Dari sisi pembuat kebijakan, legislatif juga tak bisa sendirian 
merancang dan mengesahkan sebuah peraturan daerah (Perda). Kebijakan ini
 merupakan hasil keputusan bersama antara DPRD dan Pemerintah Provinsi 
DKI Jakarta. "Mereka berinteraksi di situ. Itulah, sepanjang negara ini 
berdiri kan begitu, perselingkuhan persekongkolan antara eksekutif dan 
legislatif dalam menetapkan pasal-pasal," ujar Saut.

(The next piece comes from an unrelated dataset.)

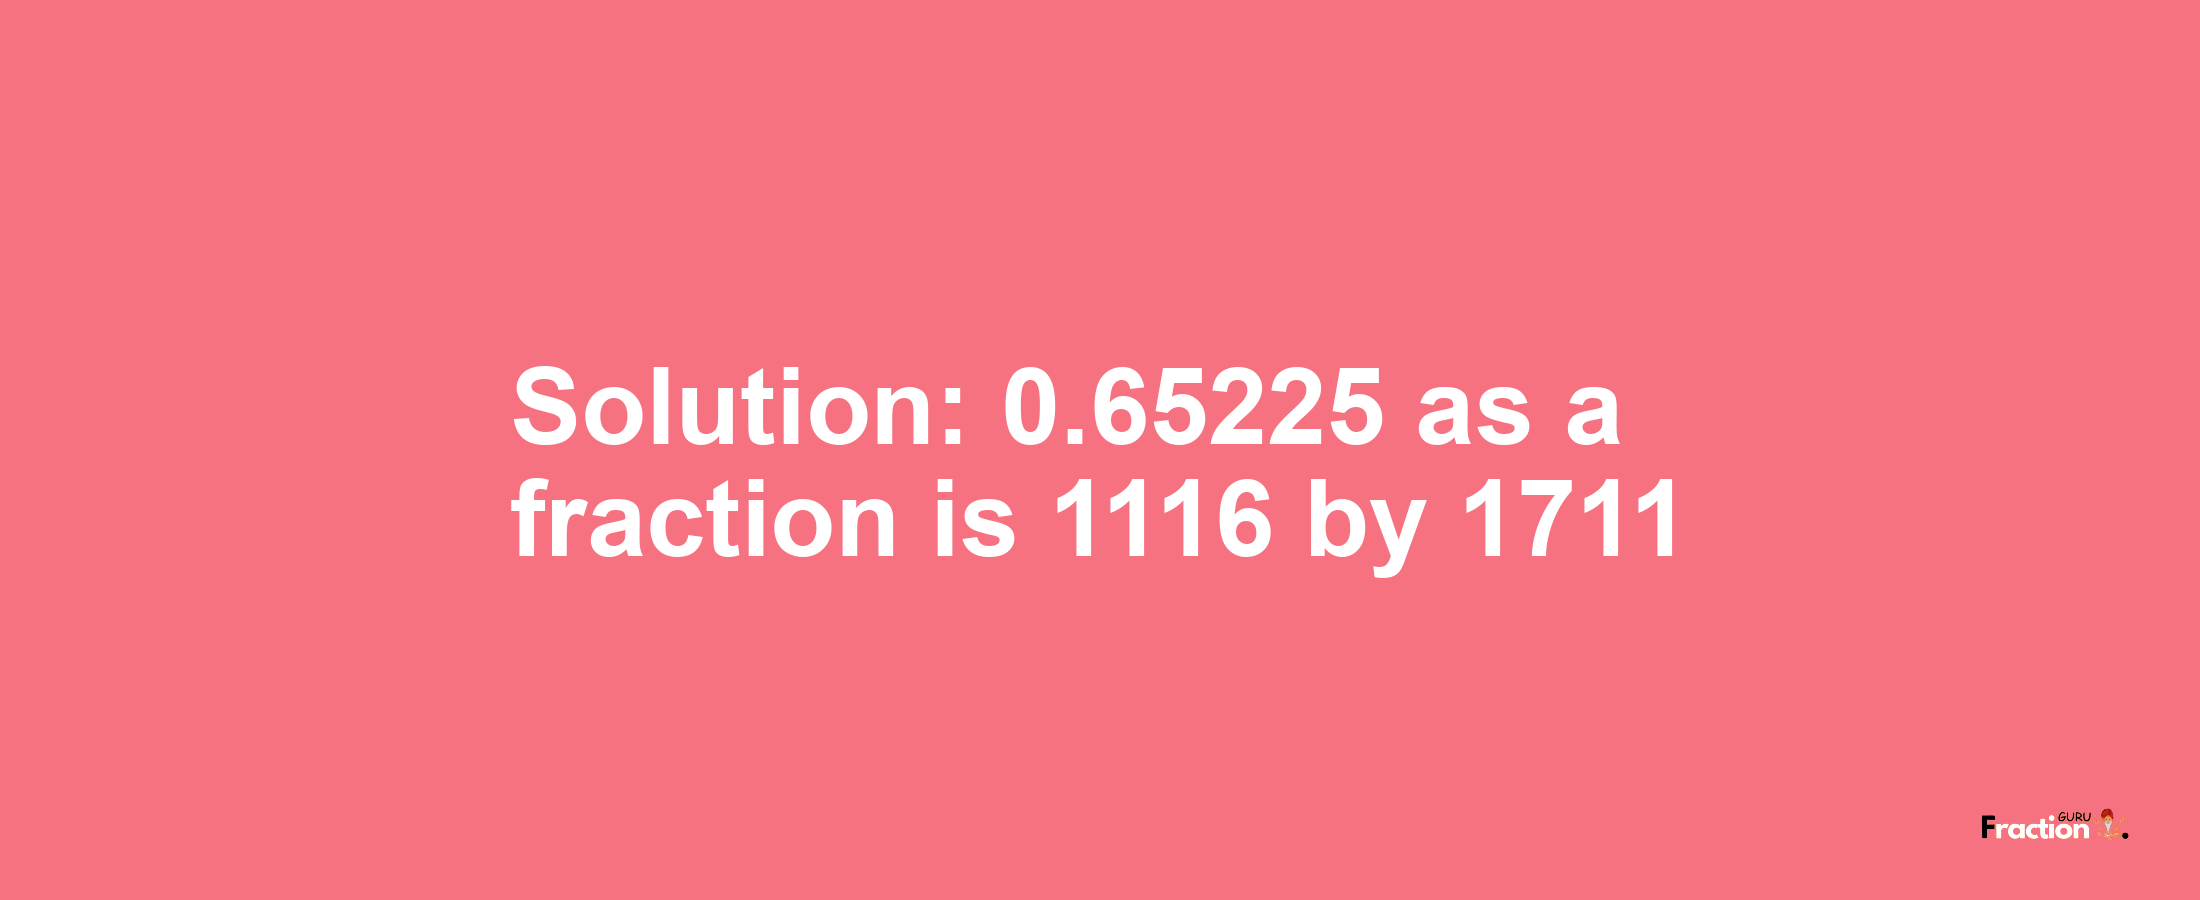 Solution:0.65225 as a fraction is 1116/1711

Suap pun ditengarai mengarahkan pembuat kebijakan, agar pasal dalam 
Raperda mengenai Rencana Tata Ruang Kawasan Strategis Pantai Utara 
Jakarta, menjadi lebih ramah pada pihak swasta. Hal ini menyangkut 
proses perizinan, pembagian kontribusi pulau, serta penataan ekologi dan
 sosiologi.
"Orang bilang kan itu ngurukin pasir doang, 
sebenarnya tidak juga kalau hanya itu yang disasar dengan Perda. Bukan 
begitu, rencana tata ruang kan bukan begitu, harus jelas," terangnya.
Demi memudahkan penyidikan kasus ini, KPK juga melarang sejumlah 
orang bepergian ke luar negeri. Dalam surat permohonan cegah yang 
dikirimkan ke kantor Imigrasi, mereka adalah bos PT Agung Sedayu Grup, 
Sugiyanto Kusuma alias Aguan; Direktur Utama PT Agung Sedayu Richard 
Halim Kusuma; staf khusus Gubernur DKI Jakarta Ahok, Sunny Tanuwidjaja; 
sekretaris direksi PT APL, Berlian dan seorang swasta Geri Prasetya.
Larangan bepergian ke luar negeri ini dimaksudkan agar saat KPK 
membutuhkan keterangan mereka, para pihak itu memenuhi panggilan 
pemeriksaan, sehingga kasus ini bisa cepat selesai.
Sebab, dari pemeriksaan sementara, diduga mereka yang tertangkap 
hanya menjalankan perintah dari pihak yang lebih berkuasa dari mereka. 
Adalah mereka yang memiliki kaitan dengan semua perusahaan bidang 
properti itu, dan berkepentingan dengan investasi di 17 pulau buatan.
"Sebetulnya itu bagian dari perusahaan dia juga kan, jadi maksudnya 
apakah ada pengembangan-pengembangan ke (perusahaan) pengembang yang 
lain. Kami (KPK) belum bisa katakan ada kaitan lebih lanjut, tapi akal 
sehat kita mengatakan ada big boss-nya," tambah Saut.